I haven't put in a floor yet to my tegu cage, and I was curious if I should spend the money to lino it or if I can get away with just sealing the wood (and painting it if I so choose). All the seams are sealed with caulk already, so it seems easy enough to just seal it and go. It would for sure save some money!

Here's a pic.






Thanks!


----------



## Red Earth Exotics (Apr 25, 2009)

it seems to me if you were to seal and paint it that it would be just fine.


----------



## DaveDragon (Apr 27, 2009)

I used sheet vinyl flooring that was on clearance. $3 per foot!! Sealed the corners with silicone caulk. 

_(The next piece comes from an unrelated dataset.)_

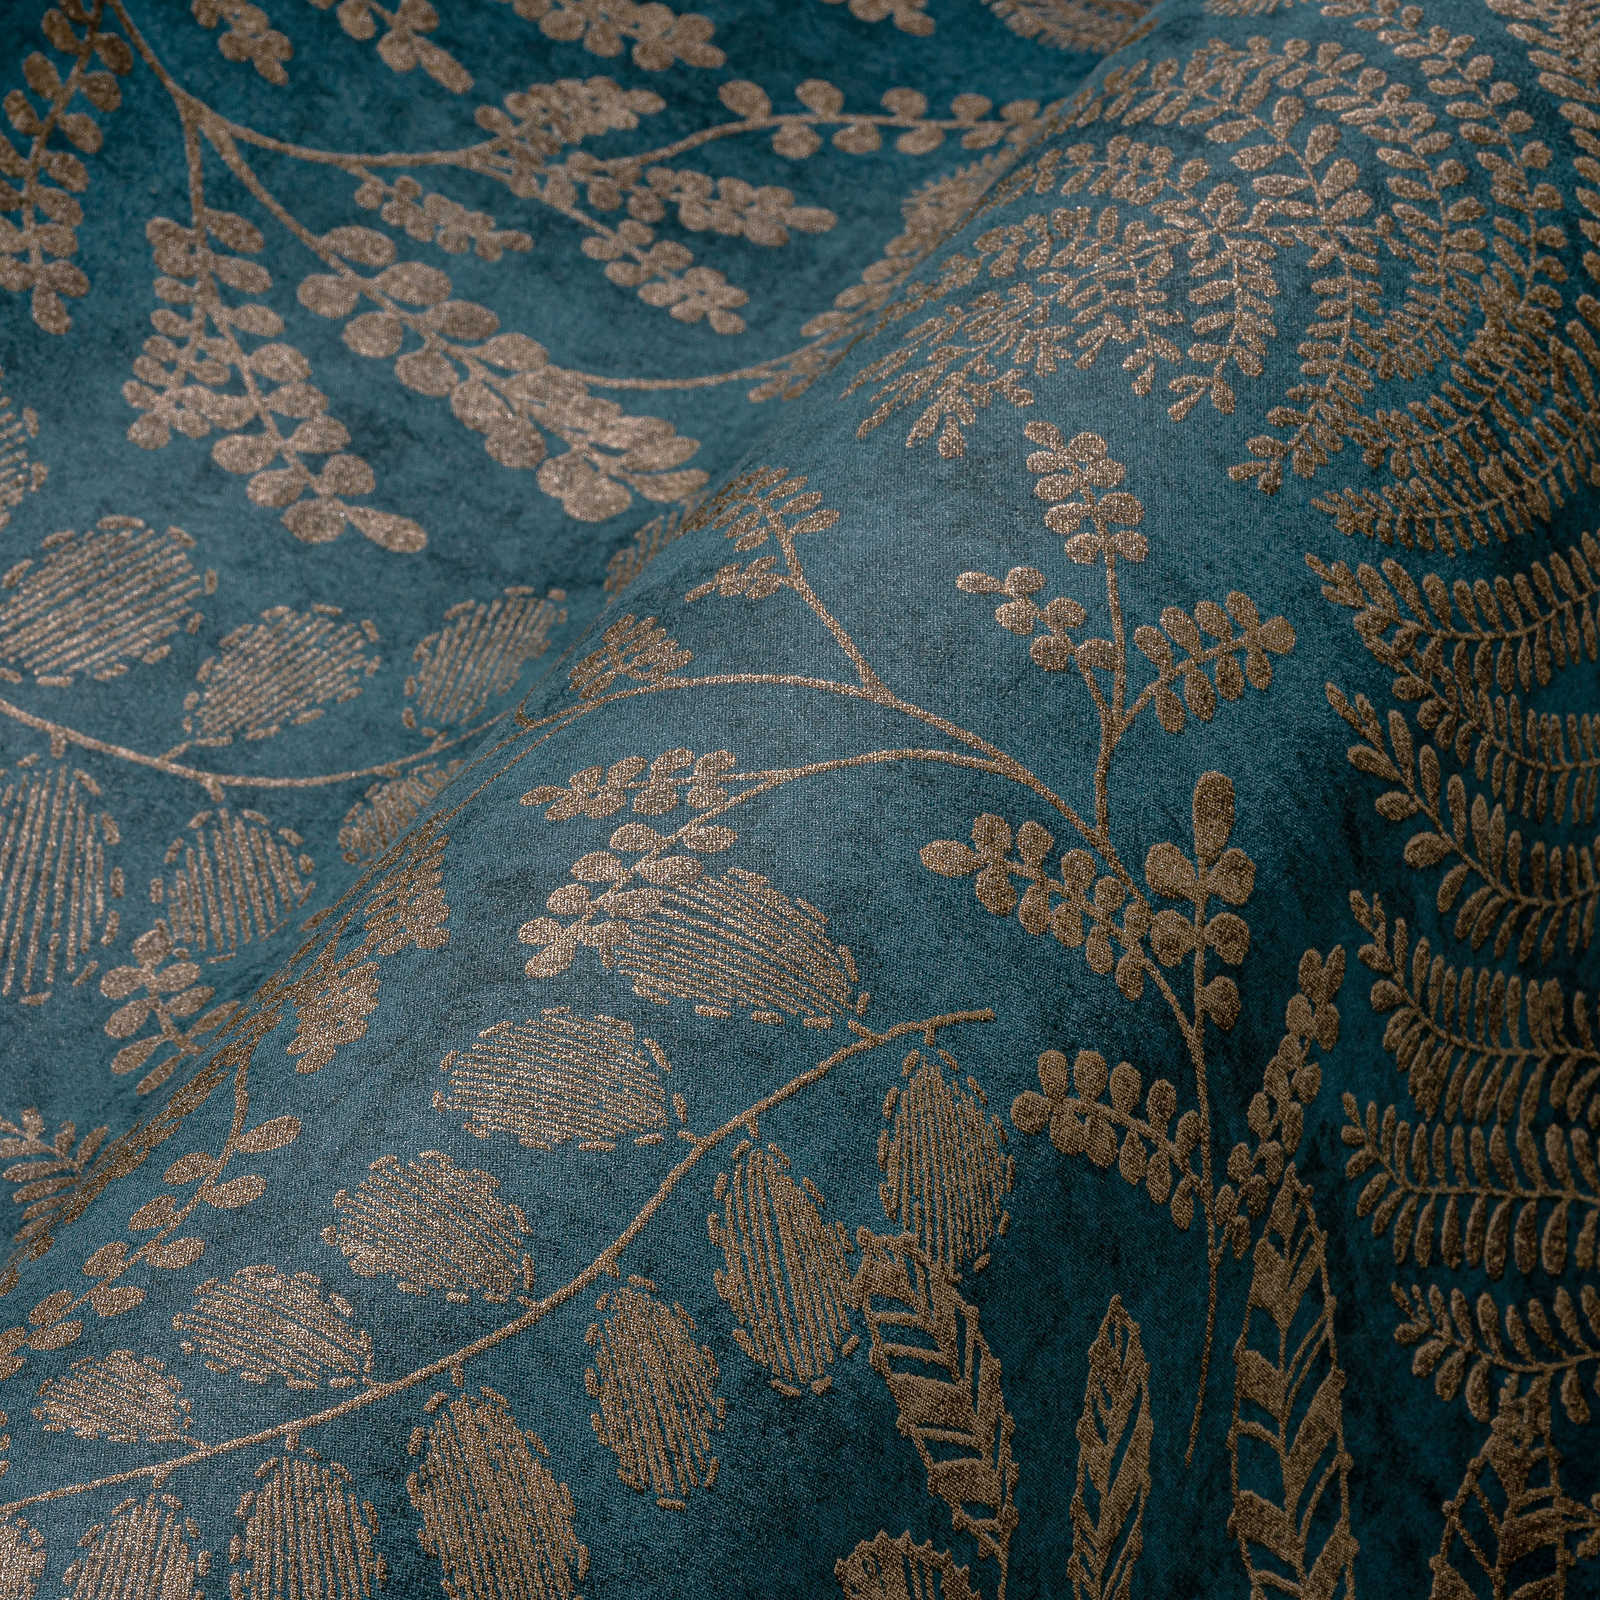             Blauw behang met goud design in boho stijl
        
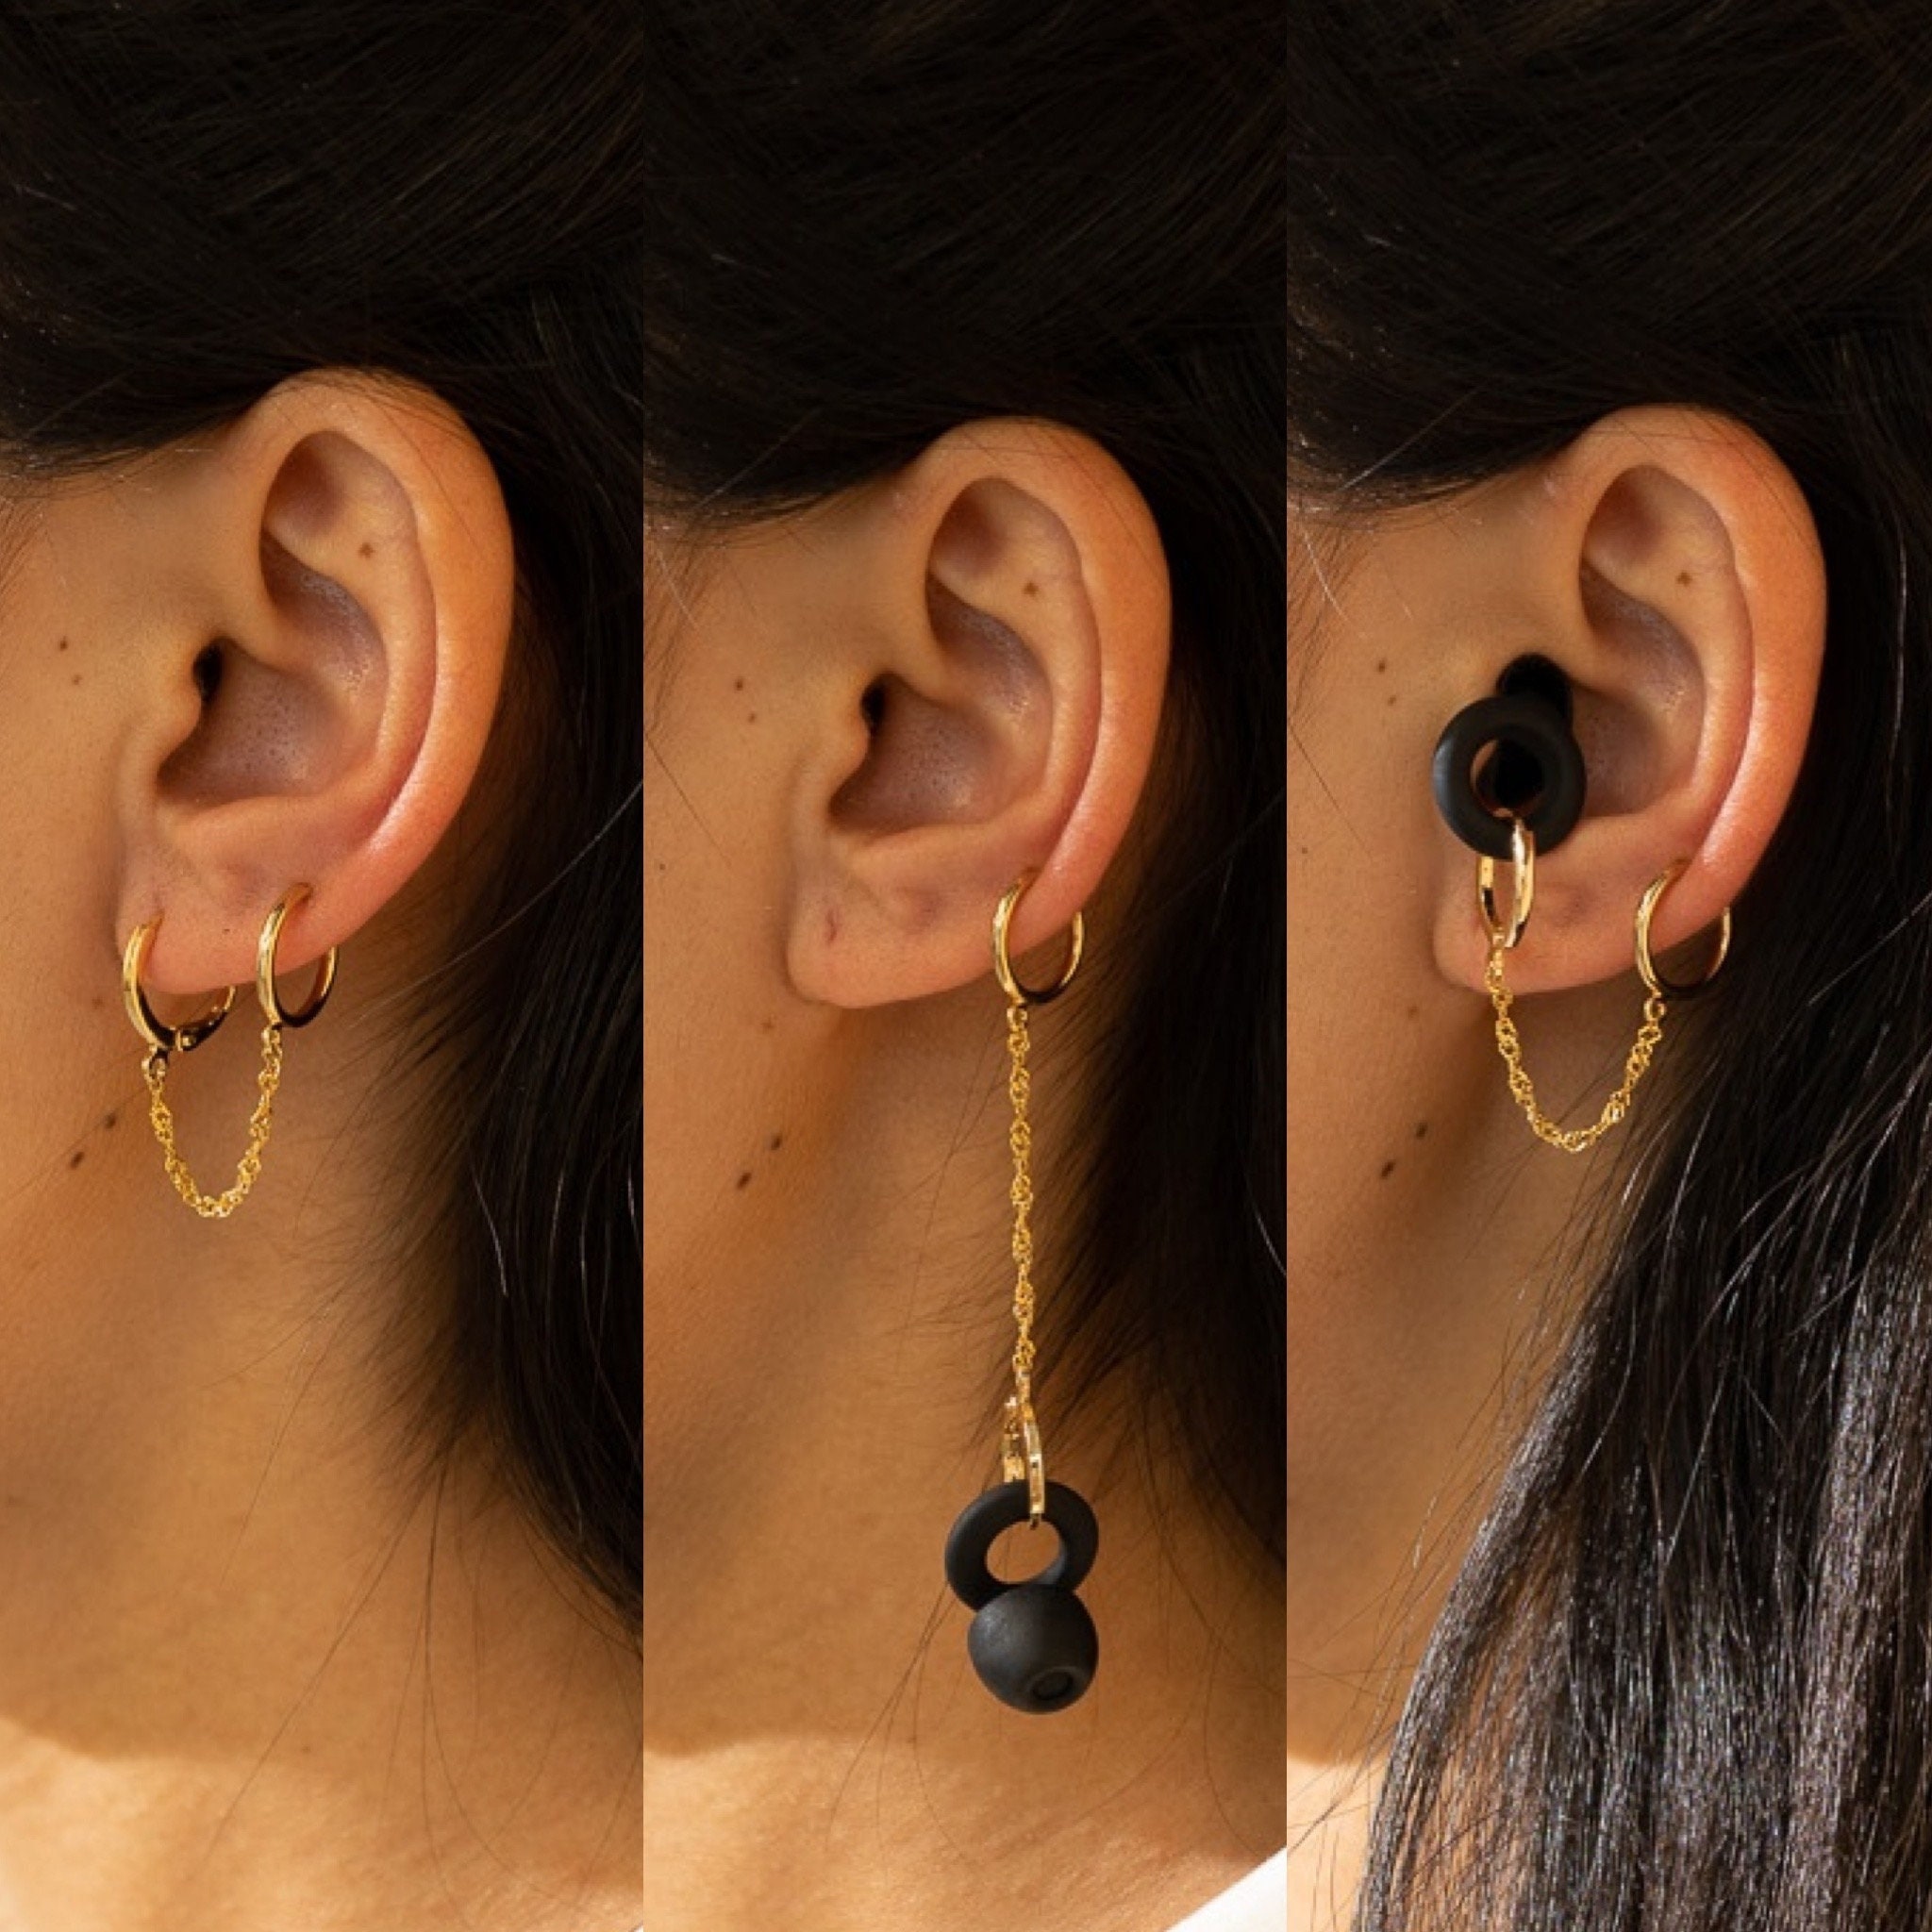 Earring Holder, 8 X 10 White Earring Display, Wire Mesh Earring Hanger,  Trendy Earring Holder, Easy Wall Earring Holders, Earring Display

http://www.tegutalk.com/forum/viewtopic.php?f=25&t=345


----------



## Tux (Apr 27, 2009)

I prefer to avoid vinyl due to it's VOC producing qualities, use linoleum or seal the wood with a water based poly.


----------



## DaveDragon (Apr 27, 2009)

Tux said:


> I prefer to avoid vinyl due to it's VOC producing qualities, use linoleum or seal the wood with a water based poly.


At what temp? Once you add the mulch it shouldn't matter.


----------



## Tux (Apr 27, 2009)

Even at room temp vinyl produces VOC's, the warmer it gets the more that's produced, I'm not saying rip it out but on a new build your better off to use the best option from a health prospective.


----------



## jmiles50 (Apr 27, 2009)

Just use KILLZ primor(a few coats) then a good high gloss outdoor paint. The reason I say high gloss is my buddy is a custom home builder, and he say's that high gloss paint will help seal it even more!!!


----------



## Tux (Apr 27, 2009)

Gloss won't help seal it but it will make the paint more durable, with that being said only outdoor trim is painted in high gloss, the rest is usually a semi, satin or even lower gloss. i prefer using water based poly and not worrying about paints on a floor.


----------



## omgtaylorg (Apr 27, 2009)

KILZ2 and your good to go...no need for anything more. Depending on the type of wood one coat of KILZ and one coat of paint after the KILZ does just fine...thats how mine is set up anyways and I have no problems what so ever.


----------